‘Interesting,’ said Jericho. ‘And how are the holographic tour guides coming along?’
‘Ah!’ Tu wiped the corner of his mouth clean with a serviette, one which had clearly had to assist with several other mealtimes too. ‘You had a visitor.’
‘Yes, I had a visitor.’
‘And?’
‘Your friend is terribly sad. What happened to him?’
‘I told you. He ate bitterness.’
‘And beyond that it’s none of my business, I get the picture. So let’s talk about his daughter.’
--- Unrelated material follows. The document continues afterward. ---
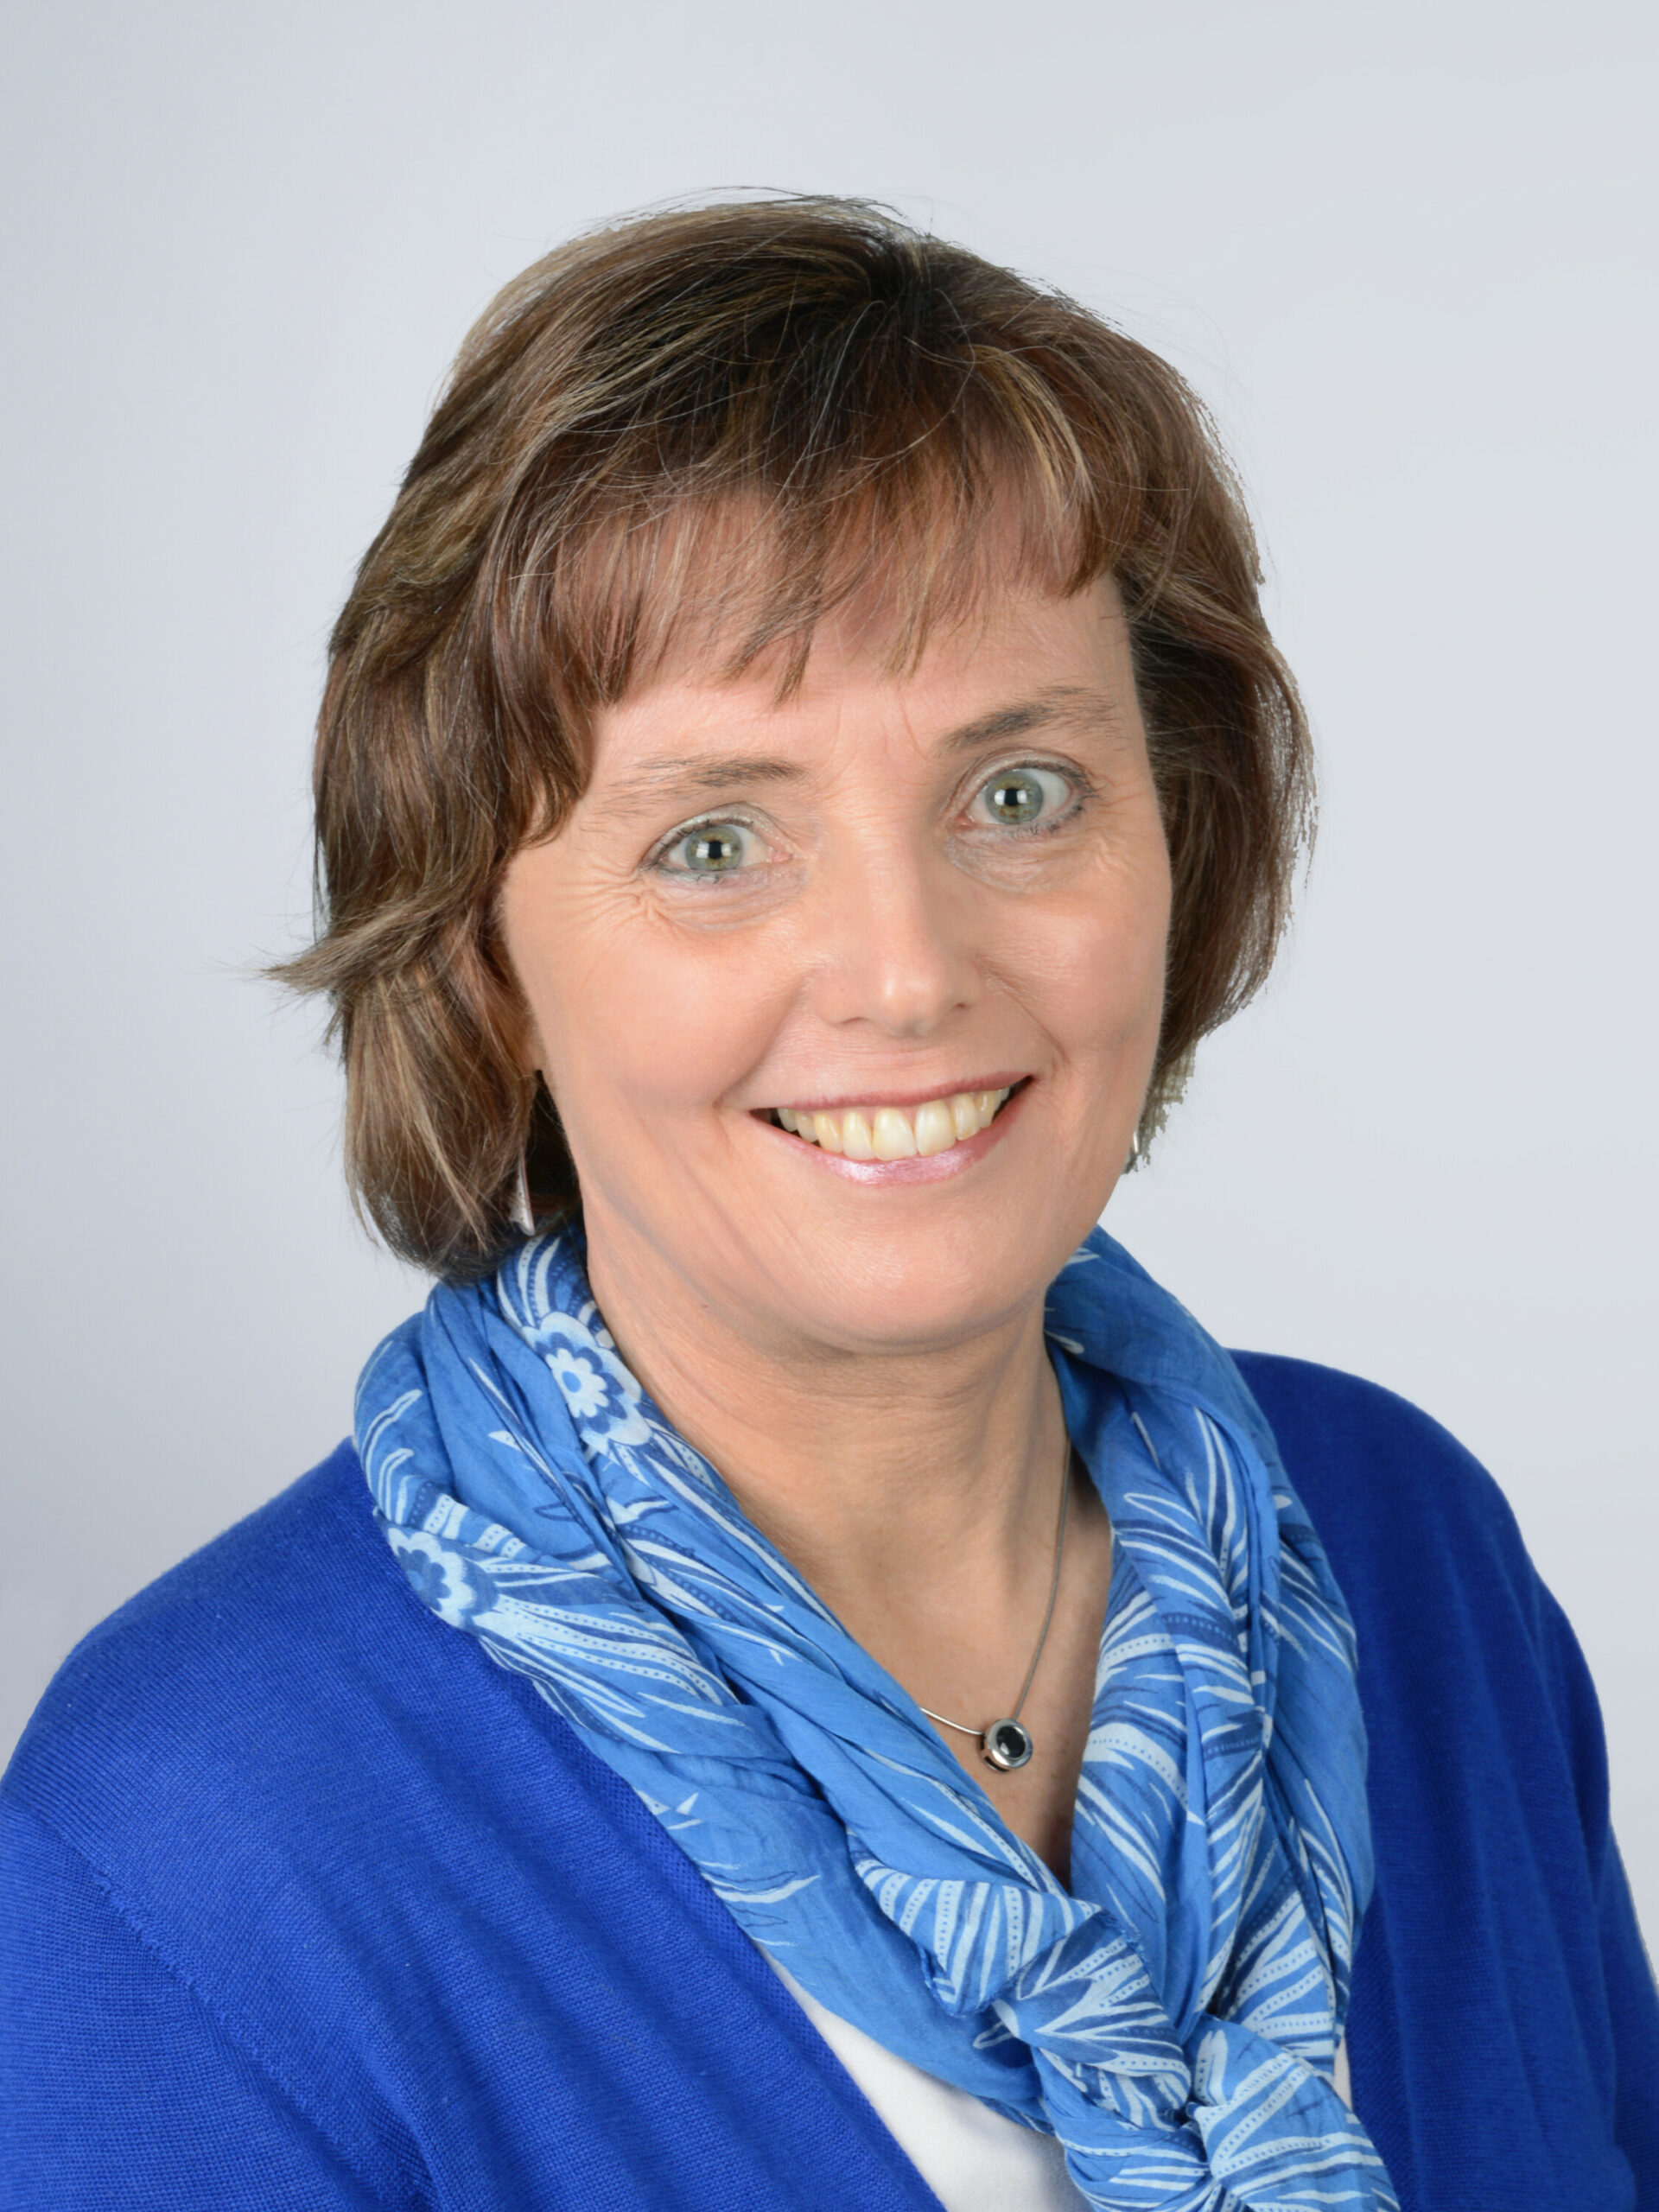 Ingrid Feil
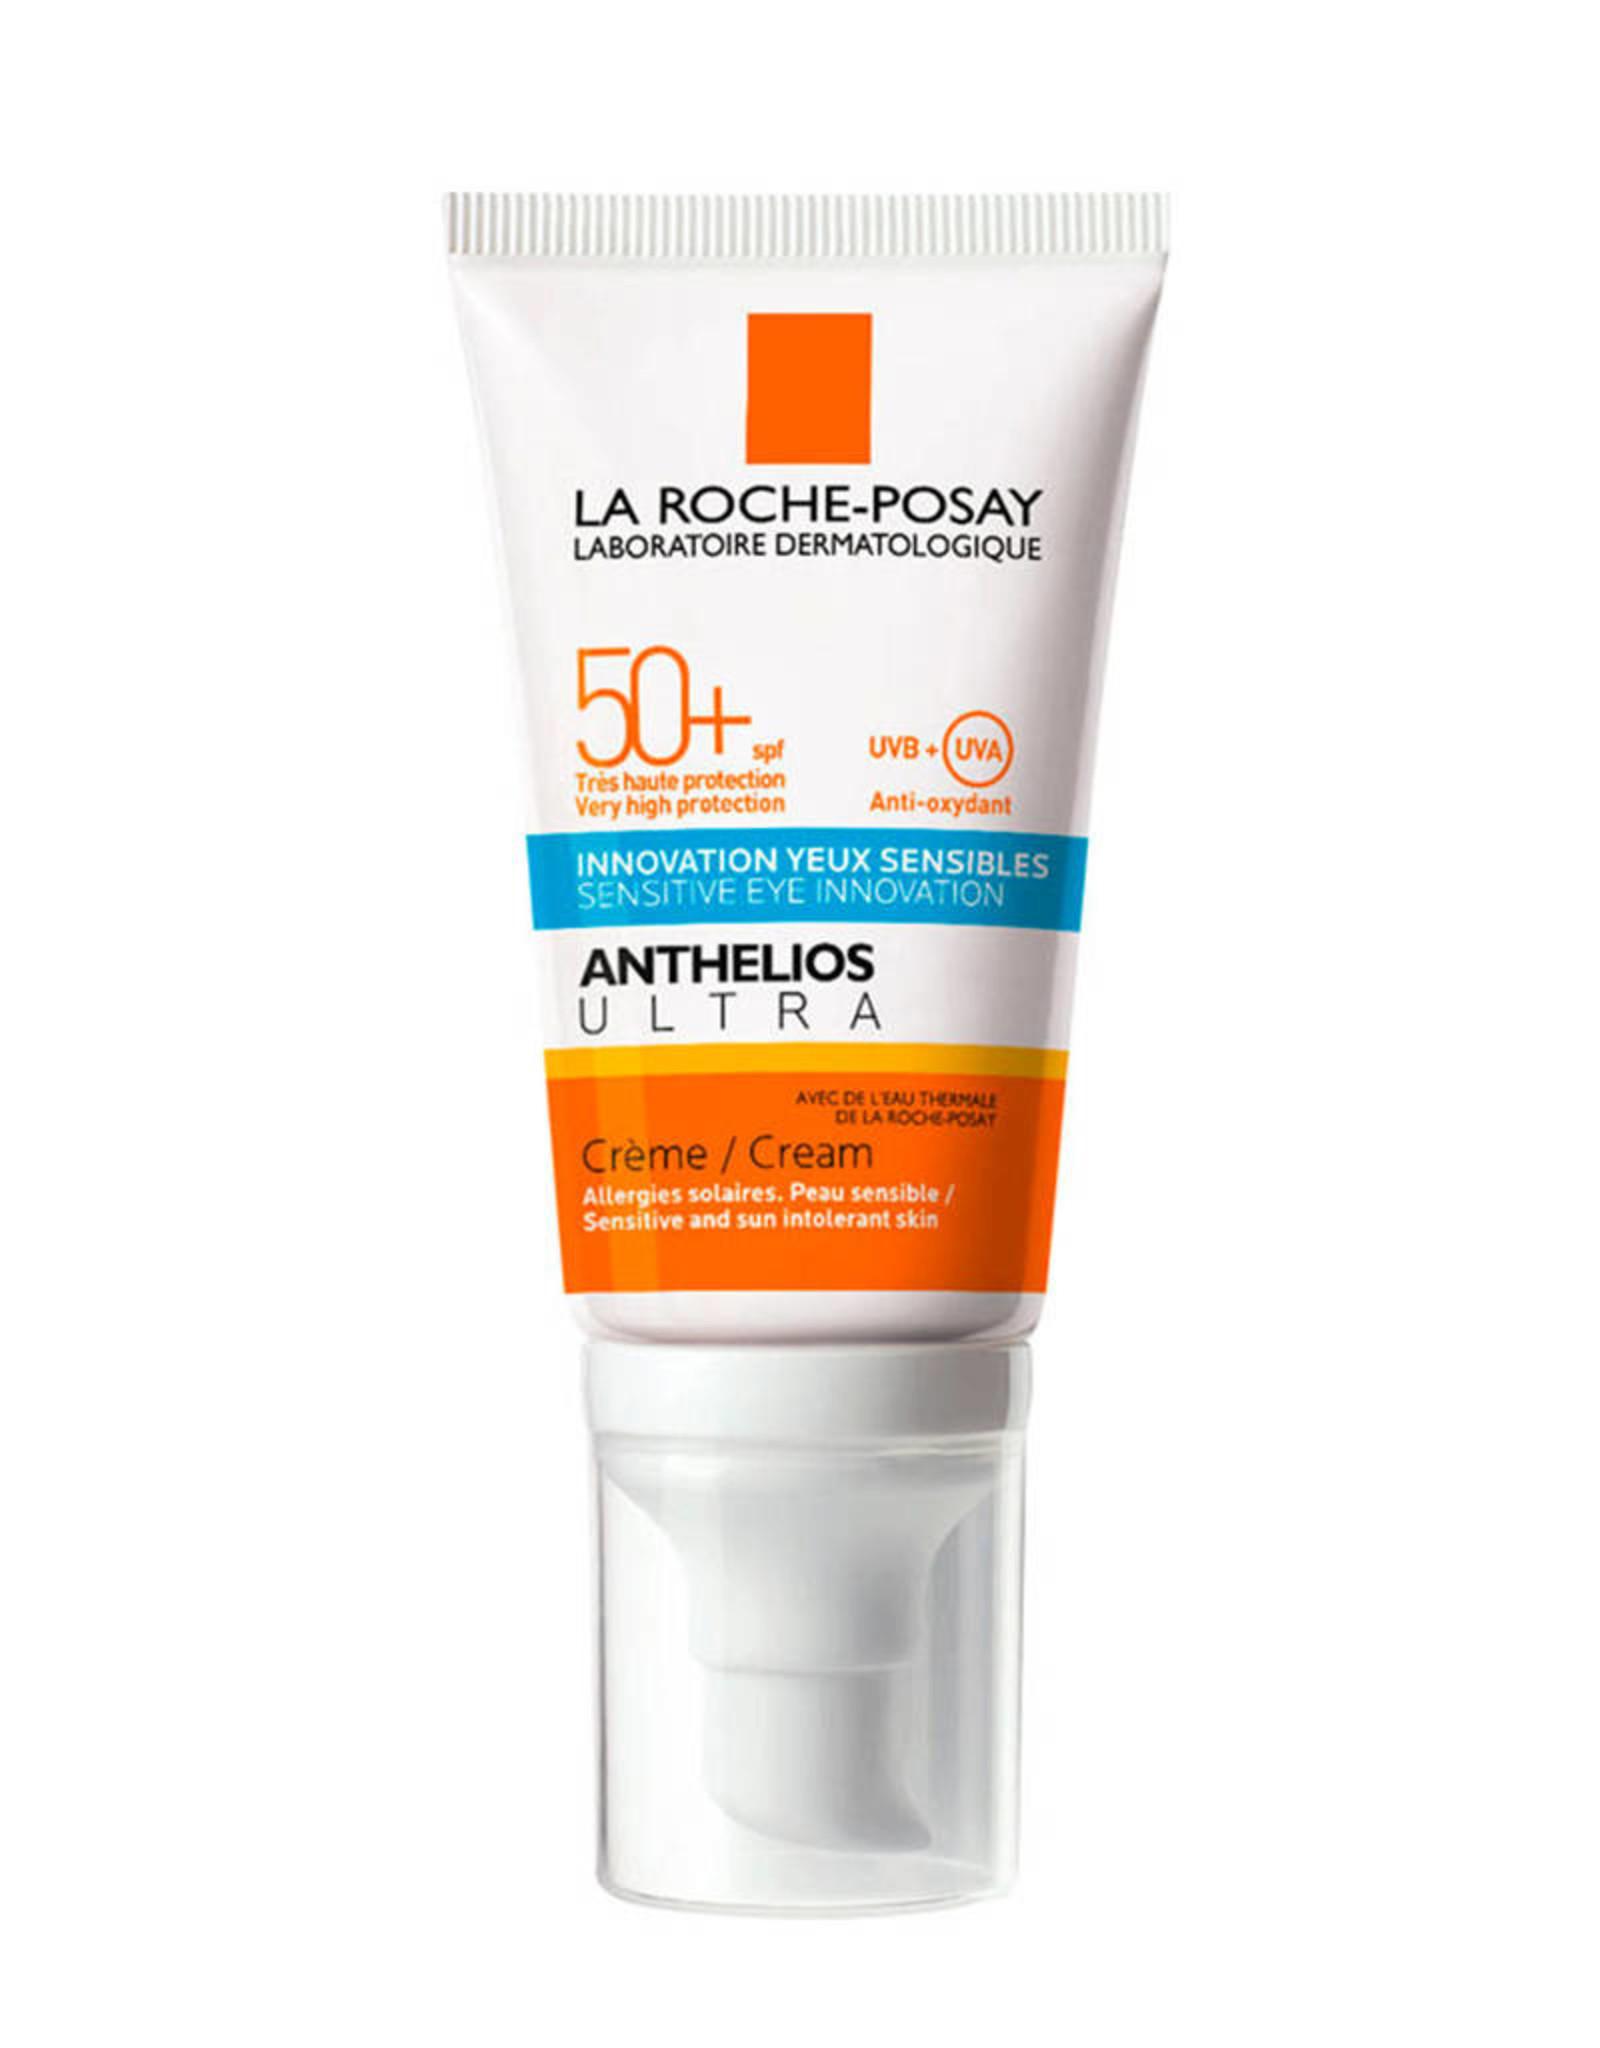 La Roche Posay Anthelios Ultra creme Gevoelige ogen SPF50+ 50ml

‘Yoyo!’ Tu stroked his hand over his stomach. ‘Be honest now, isn’t she sensational?’
‘Without a doubt.’
Jericho was intrigued as to whether Tu would talk about the girl on a public phone line. It was true that all telephone conversations were recorded by the authorities, but in reality the observation apparatus rarely followed up on the analysis, even though sophisticated programs pre-selected the recordings. As early as the end of the previous century, within the context of their worldwide Ecelon Program, American Secret Services had introduced software which was able to recognise key words, with the result that you could be arrested just for mentioning the word ice-bomb three times in succession when planning Grandma’s birthday party. Modern programs by contrast were, to a certain extent, perfectly able to understand the meaning of the conversation and create priority lists. But they were still incapable of recognising irony. Humour and double-meanings were alien to them, which forced the spies themselves to listen in, just like in the old times, as soon as words like dissident or Tiananmen massacre came up. As expected, Tu merely said:
‘And now you want a date with the girl, right?’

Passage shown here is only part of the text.